Raw data:
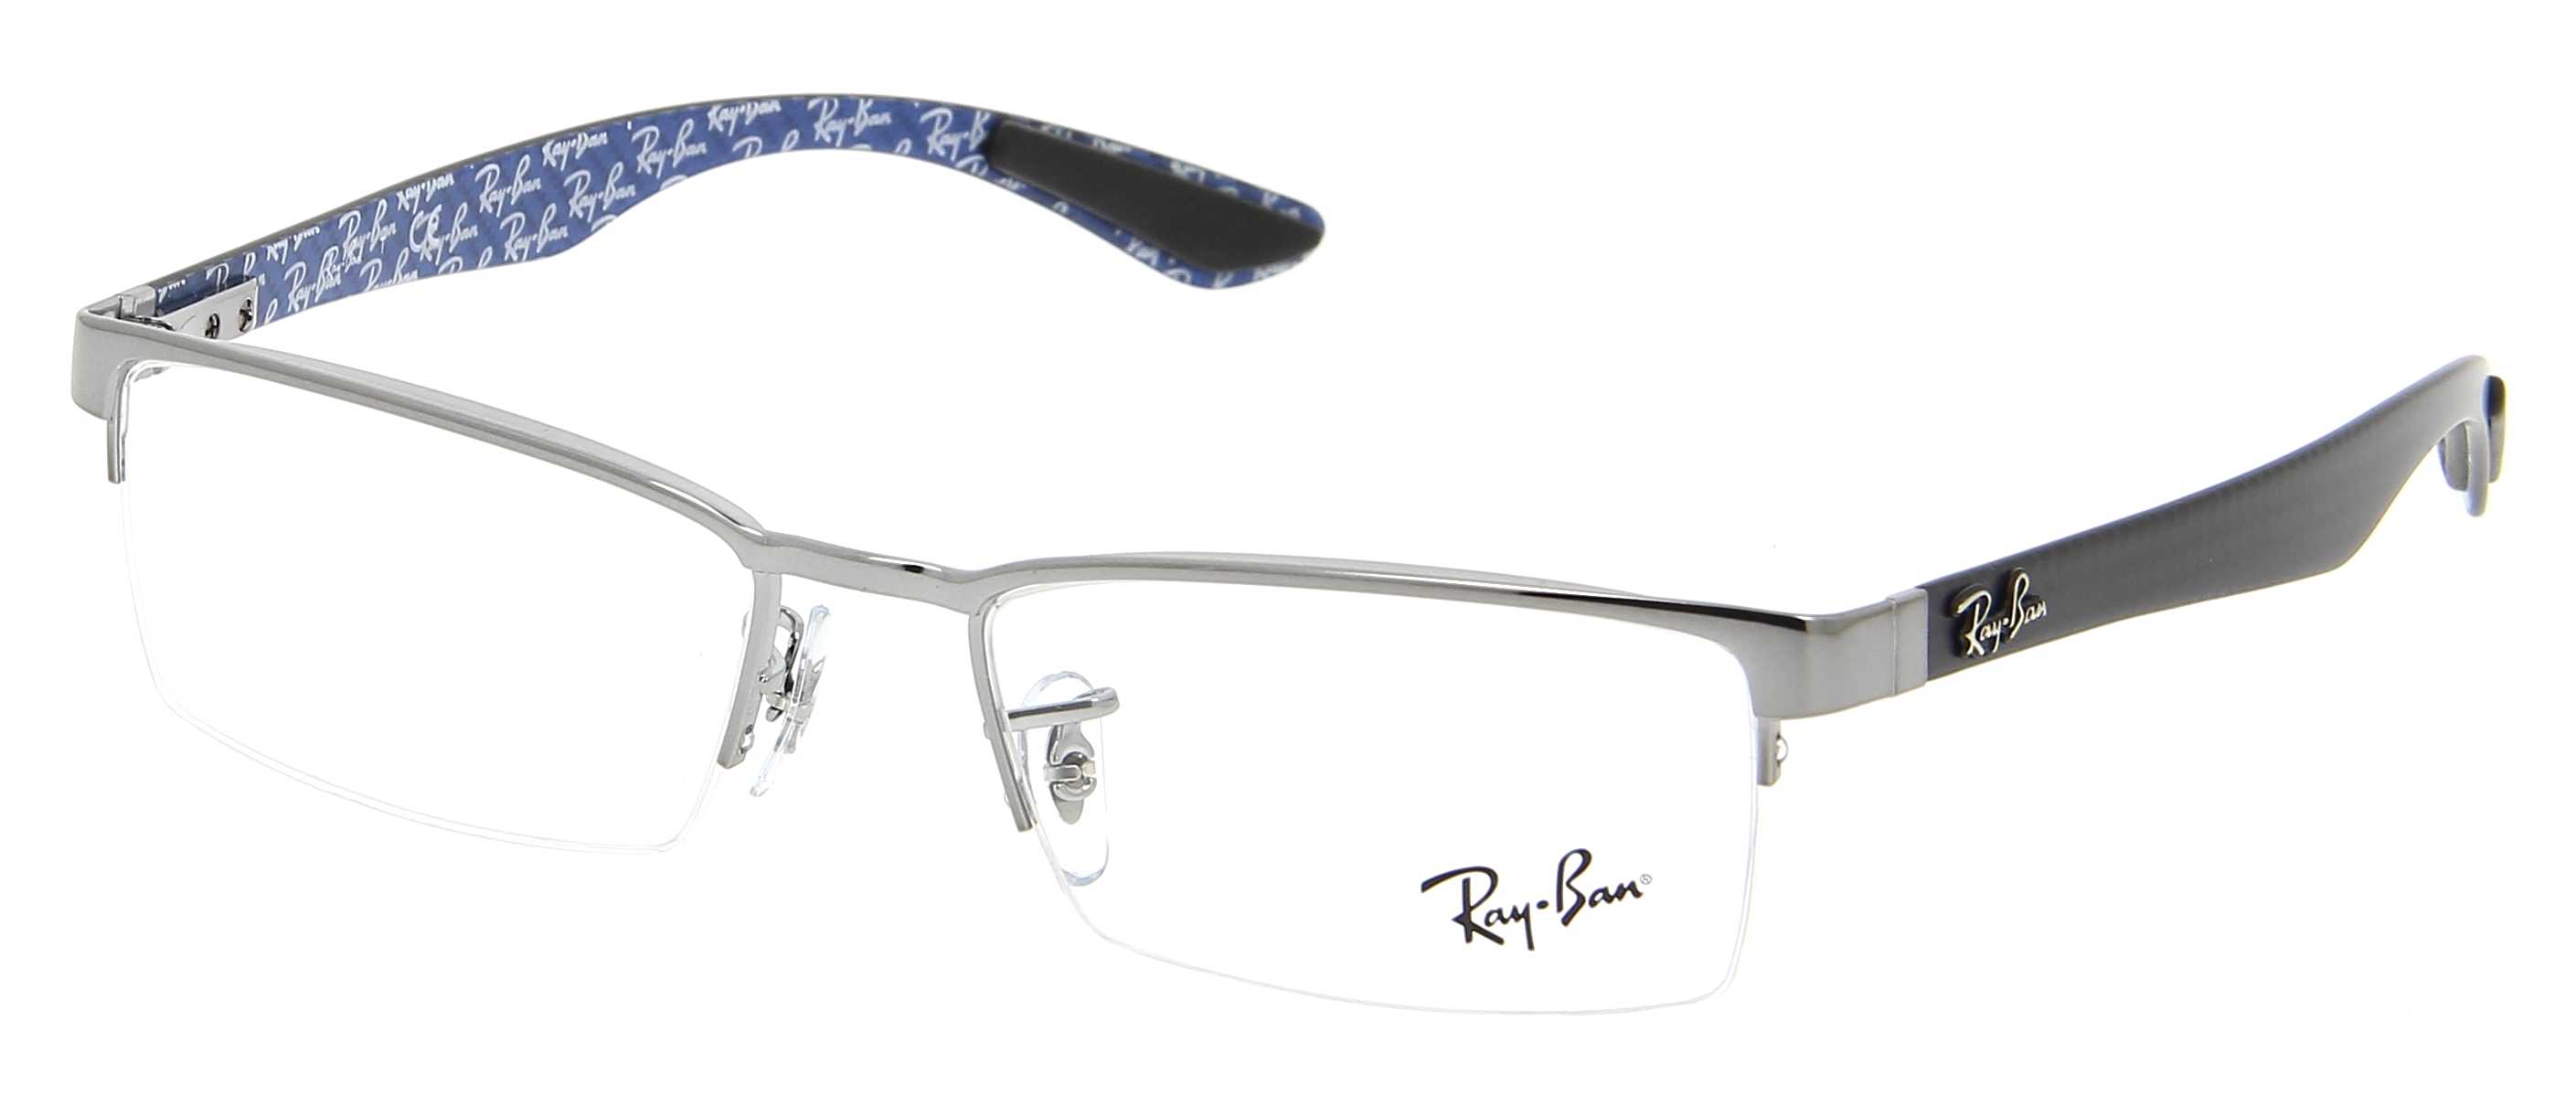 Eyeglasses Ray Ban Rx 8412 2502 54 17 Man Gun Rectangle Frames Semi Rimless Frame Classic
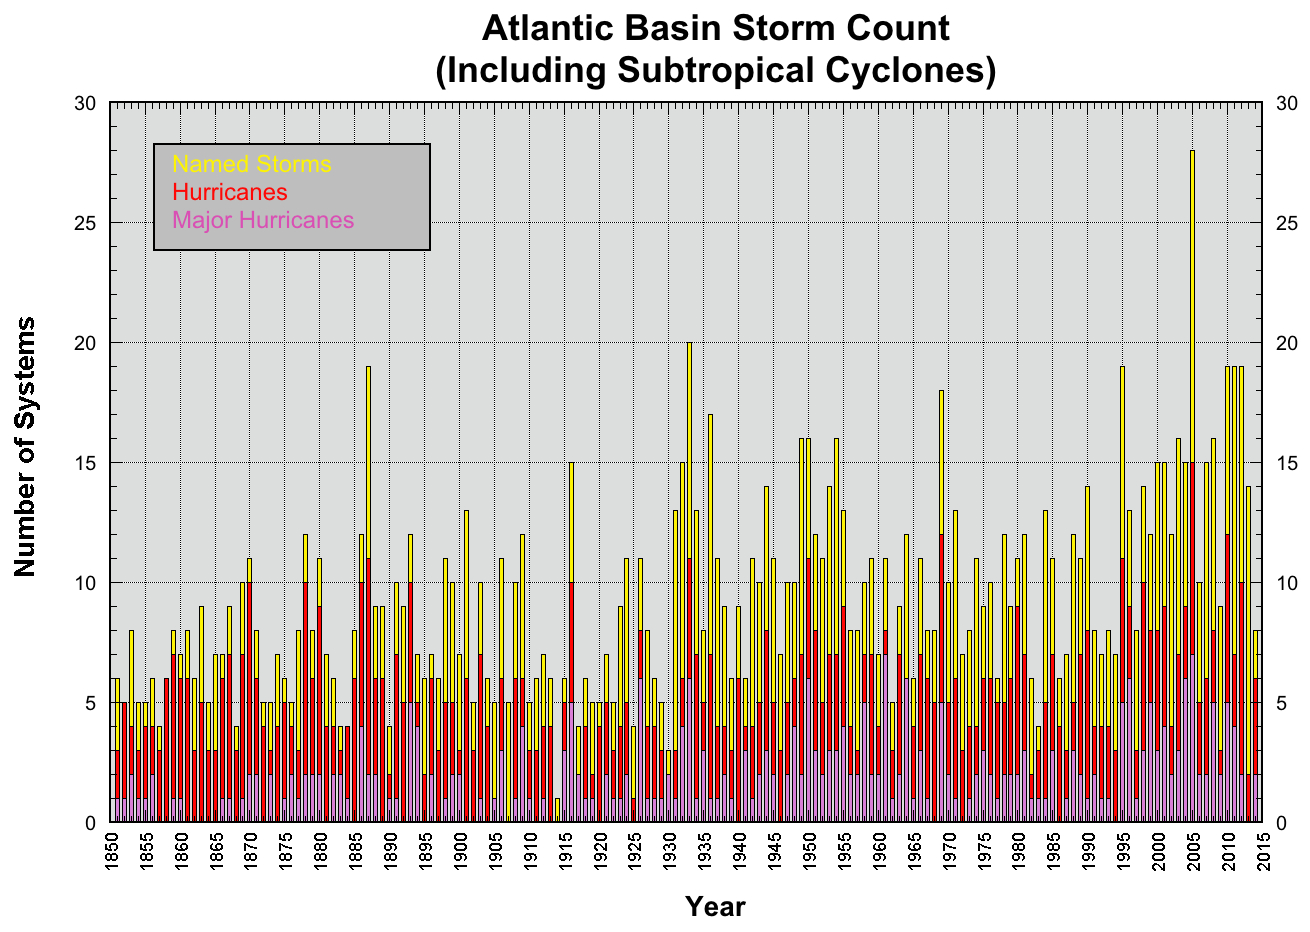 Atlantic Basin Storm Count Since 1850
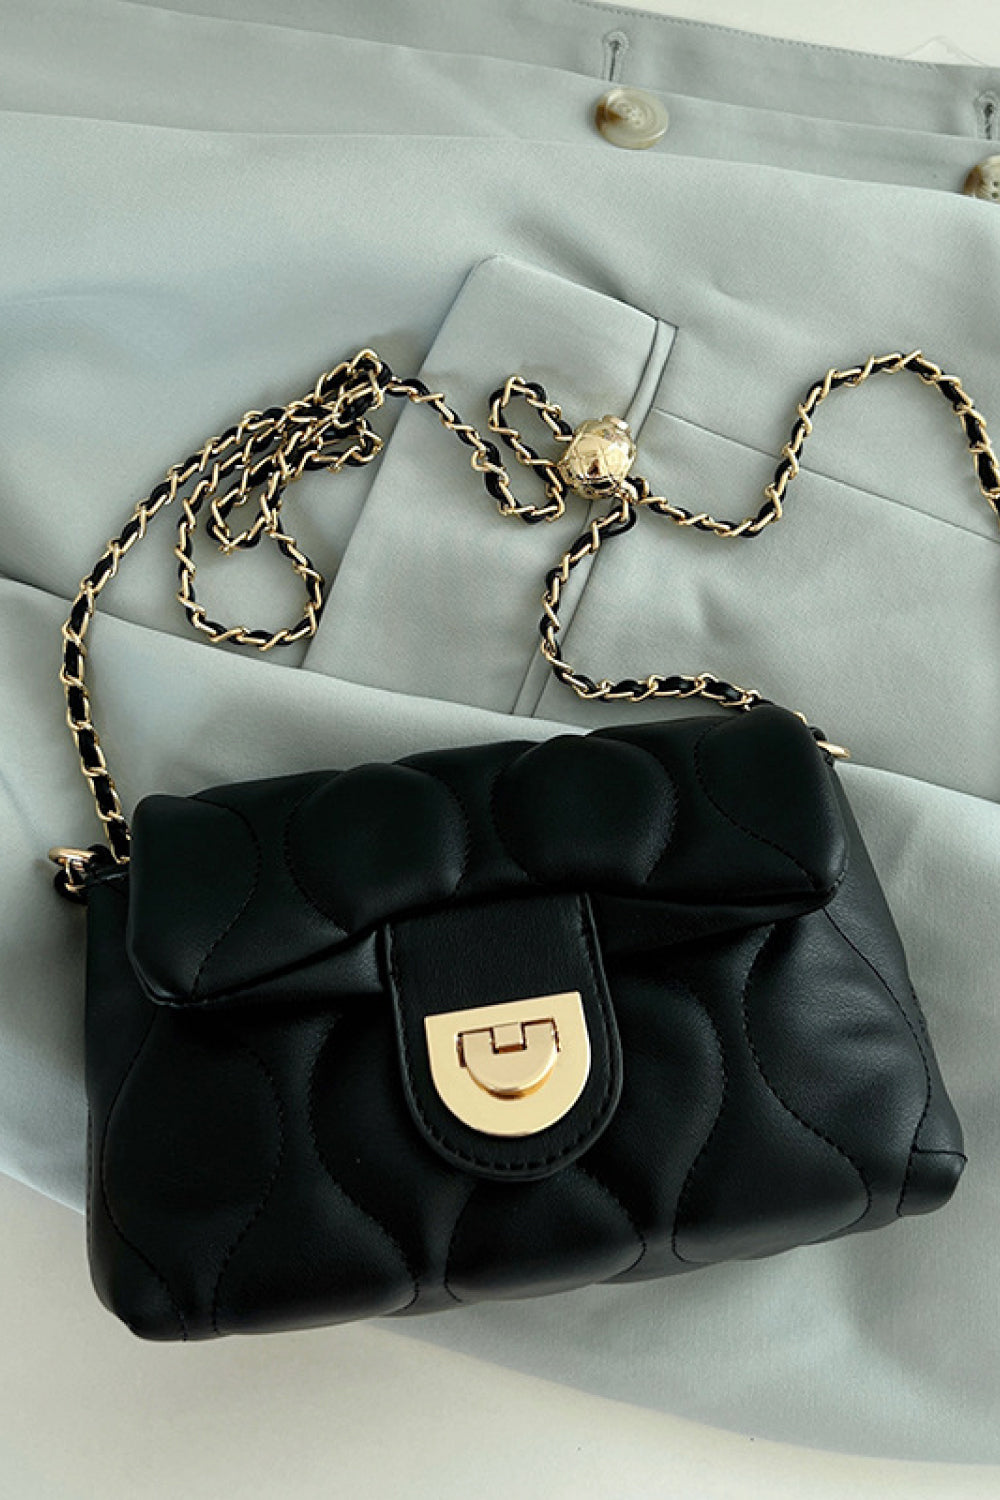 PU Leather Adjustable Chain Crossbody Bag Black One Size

Aim of the task:
Your answer must contain the full data, repeated exactly, without pictures.

Exercise solution:
 Eyeglasses Ray Ban Rx 8412 2502 54 17 Man Gun Rectangle Frames Semi Rimless Frame Classic
 Atlantic Basin Storm Count Since 1850
 PU Leather Adjustable Chain Crossbody Bag Black One Size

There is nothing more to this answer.